The single precision format uses a one's complement 24-bit mantissa and an 8-bit excess-127 exponent. The mantissa usually represents a value between 1.0 to just under 2.0. The H.O. bit of the mantissa is always assumed to be one and represents a value just to the left of the binary point.^[9] The remaining 23 mantissa bits appear to the right of the binary point. Therefore, the mantissa represents the value:

 1.mmmmmmm mmmmmmmm mmmmmmmm

The "mmmm …" characters represent the 23 bits of the mantissa. Keep in mind that we are working with binary numbers here. Therefore, each position to the right of the binary point represents a value (zero or one) times a successive negative power of two. The implied one bit is always multiplied by 2⁰, which is one. This is why the mantissa is always greater than or equal to one. Even if the other mantissa bits are all zero, the implied one bit always gives us the value one.^[10] Of course, even if we had an almost infinite number of one bits after the binary point, they still would not add up to two. This is why the mantissa can represent values in the range one to just under two.

Although there are an infinite number of values between one and two, we can only reperesent eight million of them because we use a 23-bit mantissa (the 24th bit is always one). This is the reason for inaccuracy in floating point arithmetic—we are limited to 23 bits of precision in computations involving single precision floating point values.

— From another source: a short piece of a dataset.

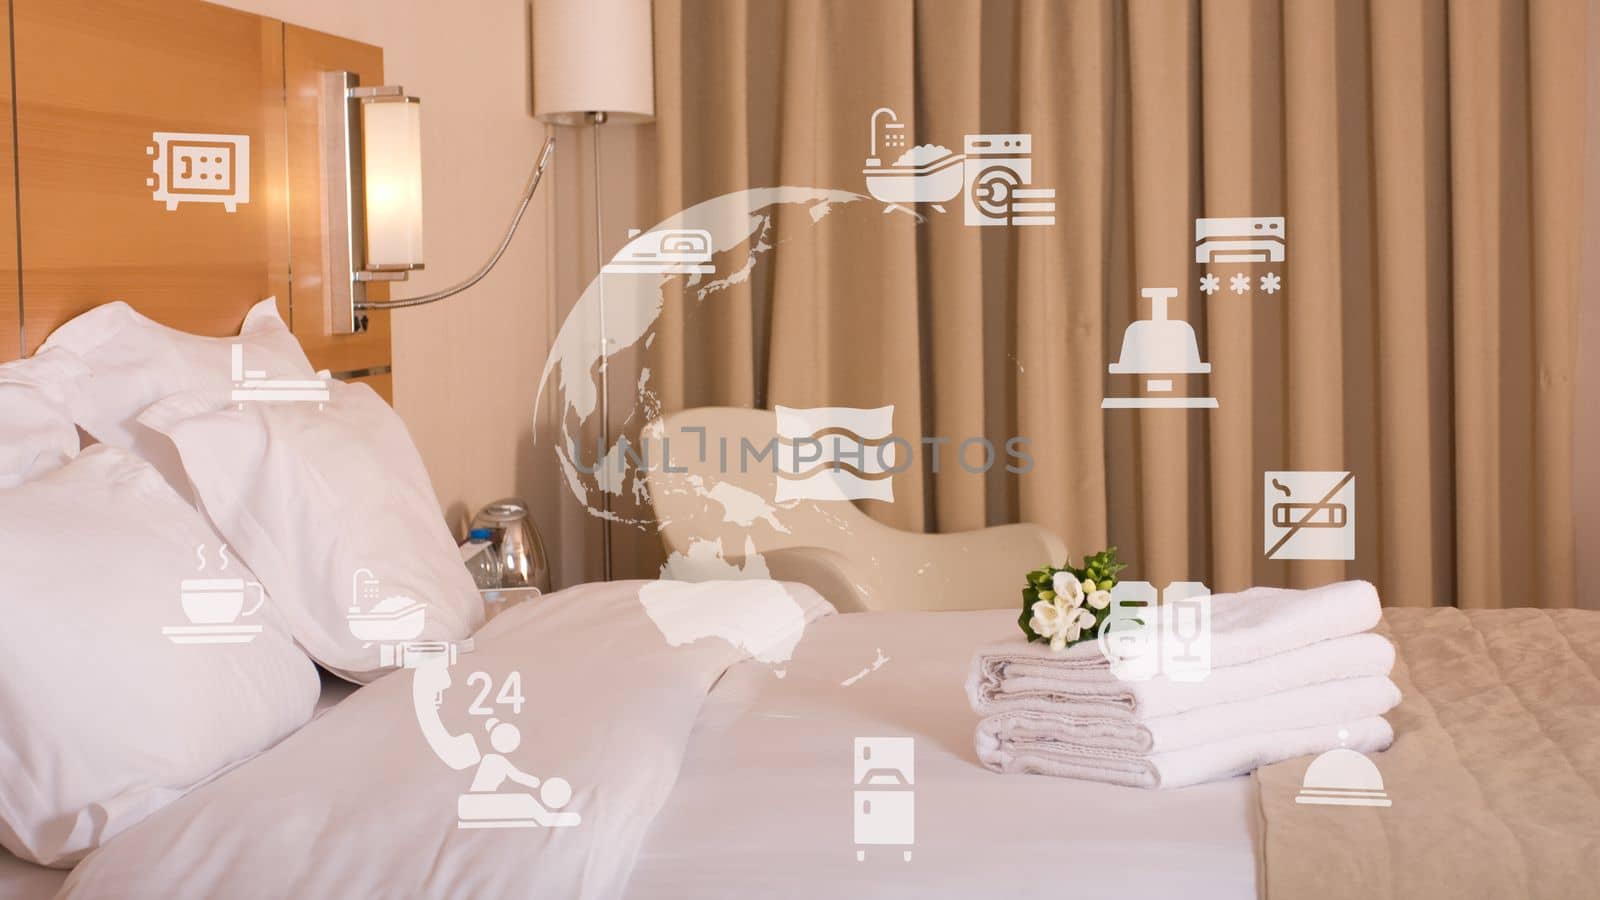 King sized bed in a luxury hotel room by senkaya

The mantissa uses a one's complement format rather than two's complement. This means that the 24th-bit value of the mantissa is simply an unsigned binary number and the sign bit determines whether that value is positive or negative. One's complement numbers have the unusual property that there are two representations for zero (with the sign bit set or clear). Generally, this is important only to the person designing the floating point software or hardware system. We will assume that the value zero always has the sign bit clear.

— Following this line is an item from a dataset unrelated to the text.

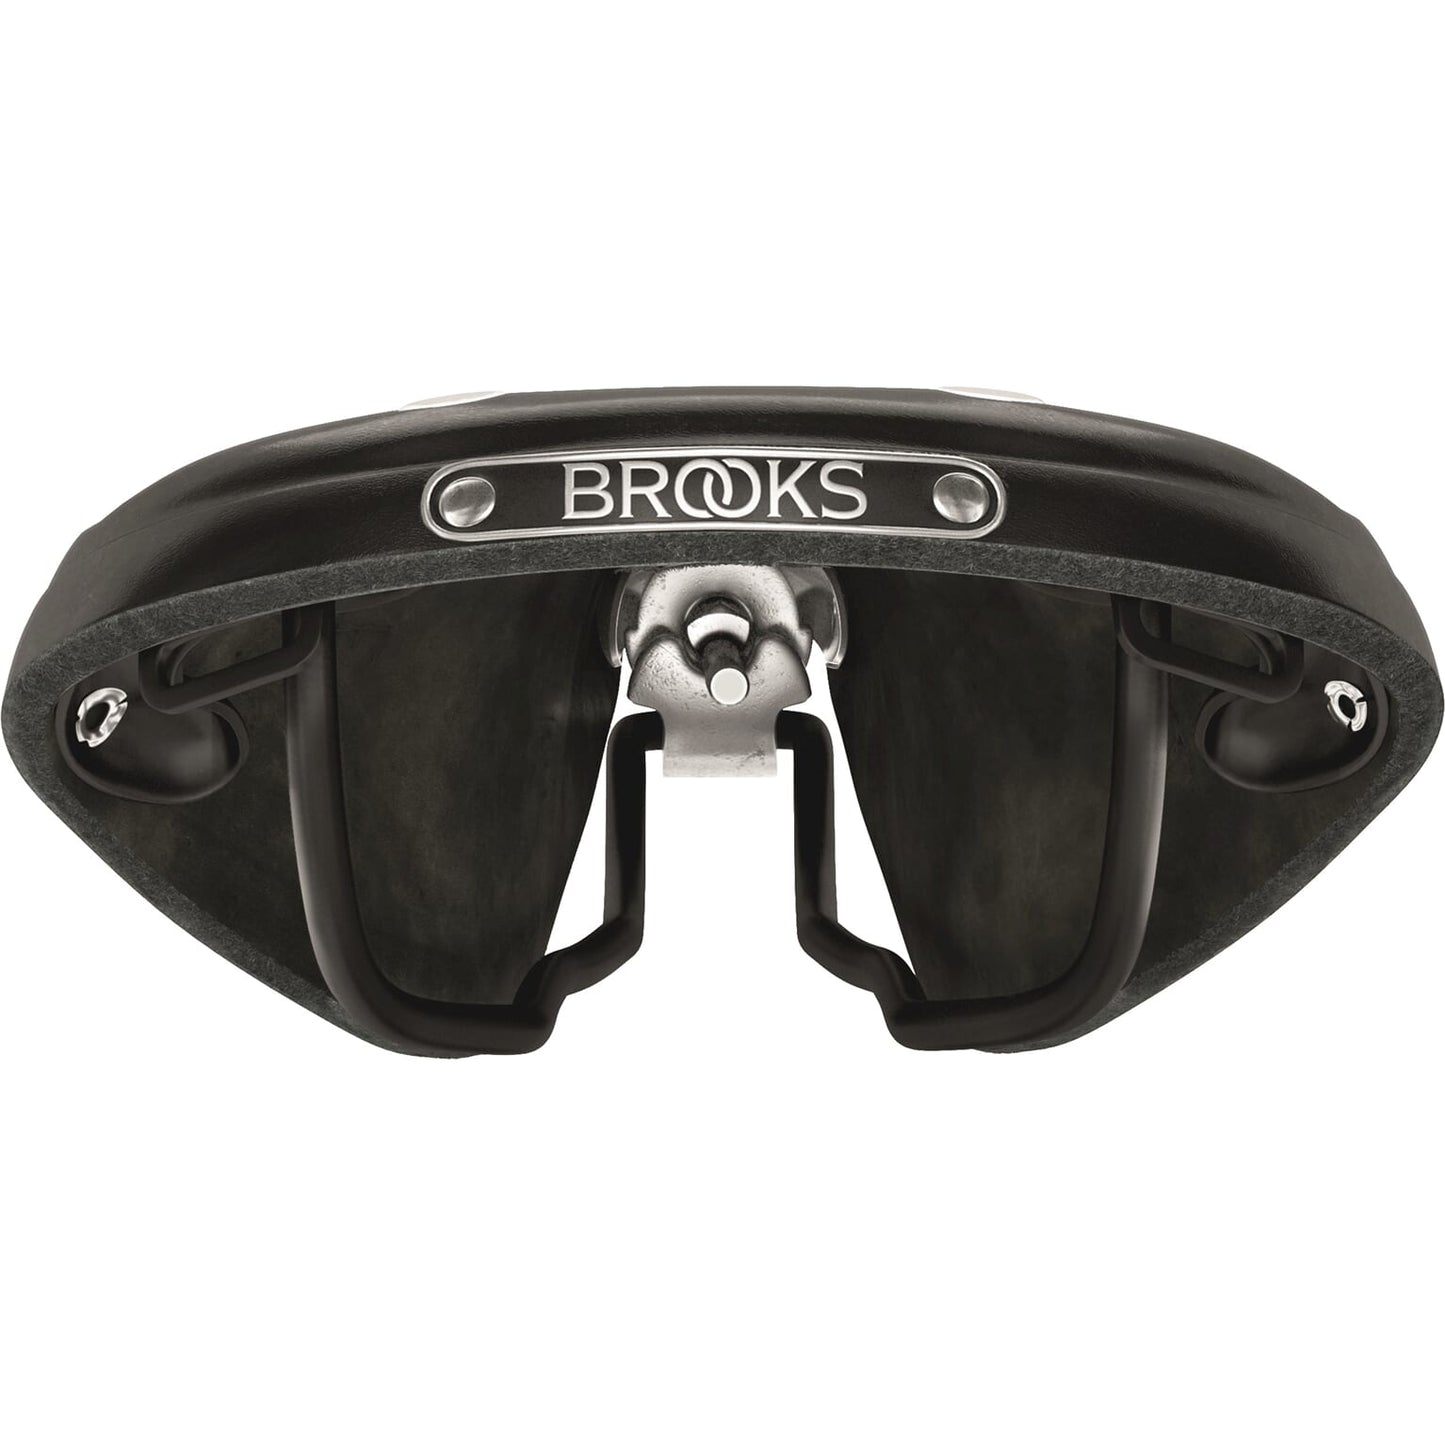 Brooks Saddle B17 estrecho negro

To represent values outside the range 1.0 to just under 2.0, the exponent portion of the floating point format comes into play. The floating point format raises two to the power specified by the exponent and then multiplies the mantissa by this value. The exponent is 8 bits and is stored in an excess-127 format. In excess-127 format, the exponent 2⁰ is represented by the value 127 ($7F). Therefore, to convert an exponent to excess-127 fomat simply add 127 to the exponent value. The use of excess-127 format makes it easier to compare floating point values. The single precision floating point format takes the form shown in Figure 2-24.

click to expand
Figure 2-24: Single Precision (32-bit) Floating Point Format

With a 24-bit mantissa, you will get approximately 6 1/2 digits of precision (one-half digit of precision means that the first six digits can all be in the range 0..9 but the seventh digit can only be in the range 0..x where x < 9 and is generally close to five). With an 8-bit excess-127 exponent, the dynamic range of single precision floating point numbers is approximately 2¹²⁸ or about 10³⁸.

Although single precision floating point numbers are perfectly suitable for many applications, the dynamic range is somewhat limited and is unsuitable for many financial, scientific, and other applications. Furthermore, during long chains of computations, the limited accuracy of the single precision format may introduce serious error.

The double precision format helps overcome the problems of single precision floating point. Using twice the space, the double precision format has an 11-bit excess-1023 exponent and a 53-bit mantissa (with an implied H.O. bit of one) plus a sign bit. This provides a dynamic range of about 10³⁰⁸ and 14 1/2 digits of precision, sufficient for most applications. Double precision floating point values take the form shown in Figure 2-25.

click to expand
Figure 2-25: 64-Bit Double Precision Floating Point Format.

In order to help ensure accuracy during long chains of computations involving double precision floating point numbers, Intel designed the extended precision format. The extended precision format uses 80 bits. Twelve of the additional 16 bits are appended to the mantissa, four of the additional bits are appended to the end of the exponent. Unlike the single and double precision values, the extended precision format's mantissa does not have an implied H.O. bit, which is always one. Therefore, the extended precision format provides a 64-bit mantissa, a 15-bit excess-16383 exponent, and a 1-bit sign. The format for the extended precision floating point value is shown in Figure 2-26 on the following page.

Figure 2-26: 80-Bit Extended Precision Floating Point Format.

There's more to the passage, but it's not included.